Тут Дима молниеносно и ловко вдруг схватил твидовый пиджак за шиворот и тихо сказал:

— Только посмей.

— Отпусти, — засопел обиженный младший брат. — Пусти меня. Она мне должна. Она обязана!

— Она ничего тебе не должна.

— Сестра и брат должны заботиться друг о друге, нас так учила мамочка… — Он картинно всхлипнул. — Мамочка моя…

— Спасибо, о нас заботиться не надо, мы вполне обойдемся без ваших цветочков. — Он выпустил пиджак и нарочито громко сказал: — До свидания, Михаил Андреевич! То есть прощайте. Не приходите к нам, пожалуйста. Денежек больше не дадим! Ни копеечки.
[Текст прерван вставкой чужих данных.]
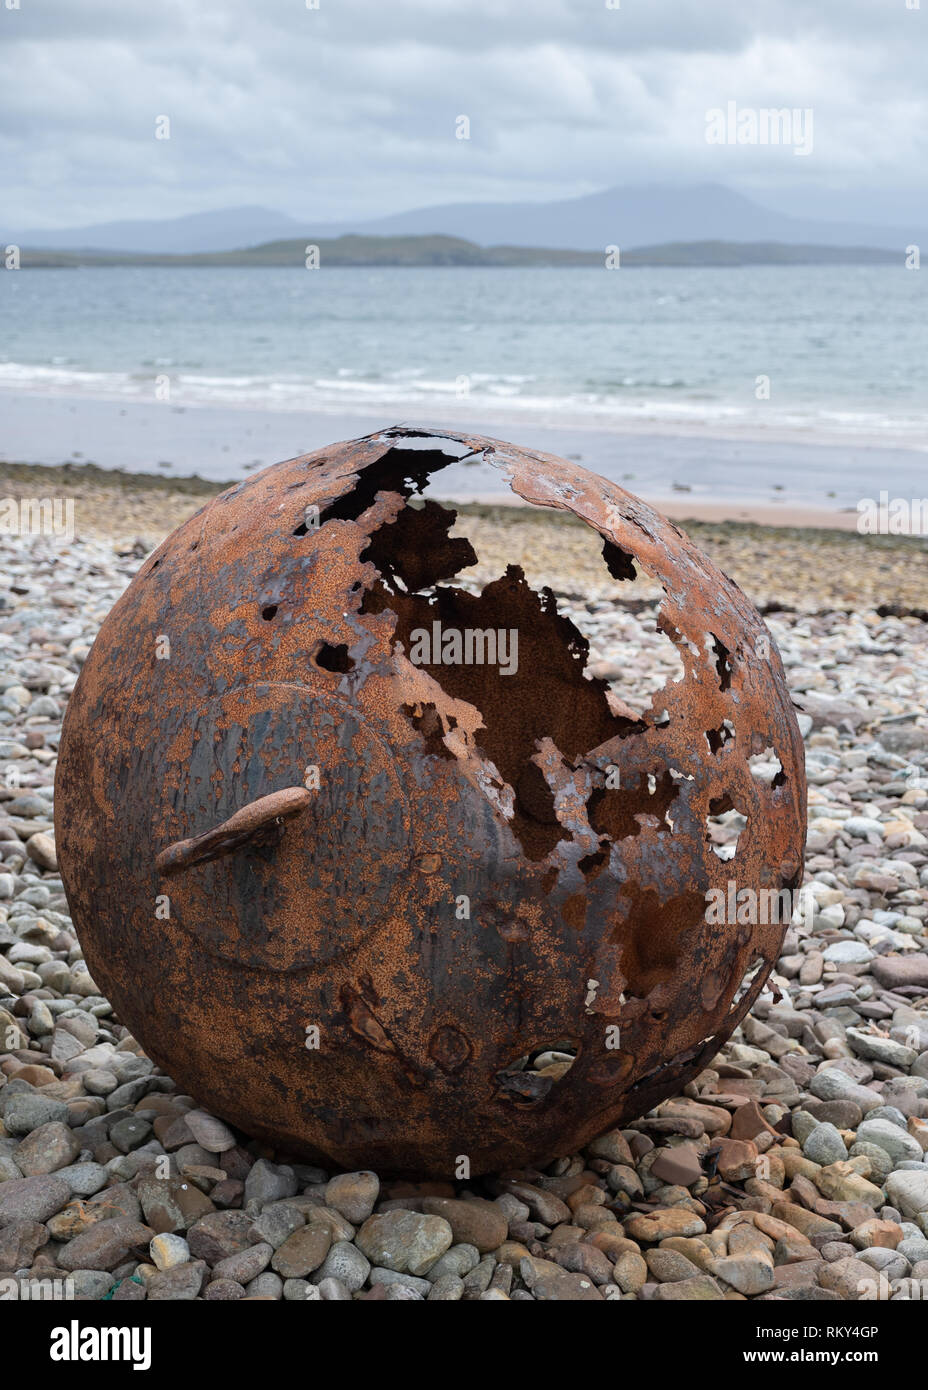 An old and rusty buoy stranded on a pebble beach near the shoreline on a cloudy day at Achiltibuie, Ross and Cromarty, Scotland Stock Photo

— Но я нуждаюсь! — взвизгнул тот, поправляя твидовые рукава.

— Тогда попробуйте машинку сменить для начала, — сказал Дима. — Зачем вам такая дорогая машинка? Это ведь ваша машинка вон там, в кустиках припрятана? Я не обознался? Так вы продайте ее, это же куча денег. Купите себе, не знаю, «жигули». Или «ладу-калину», или «ладу-малину», да хоть что. Только уходите отсюда, Михаил Андреевич, очень вас прошу. Сажайте ваше седалище в ваш, то есть наверняка в наш, «мерседес» и жмите на газ посильнее.

— С чего это он ваш «мерседес»?

— Учитывая прошлое пожизненное финансирование. Которое закончилось.

— Но мне нужны деньги!

— Денег больше не будет. Хватит с вас.

— Я хочу видеть сестру!

— Вы уж определитесь, чего больше хотите: денег или сестру. Всего вам доброго, Михаил Андреевич.

— Лида! Ли-ида-а!

— Вас проводить? — Дима снова ухватил его за шиворот.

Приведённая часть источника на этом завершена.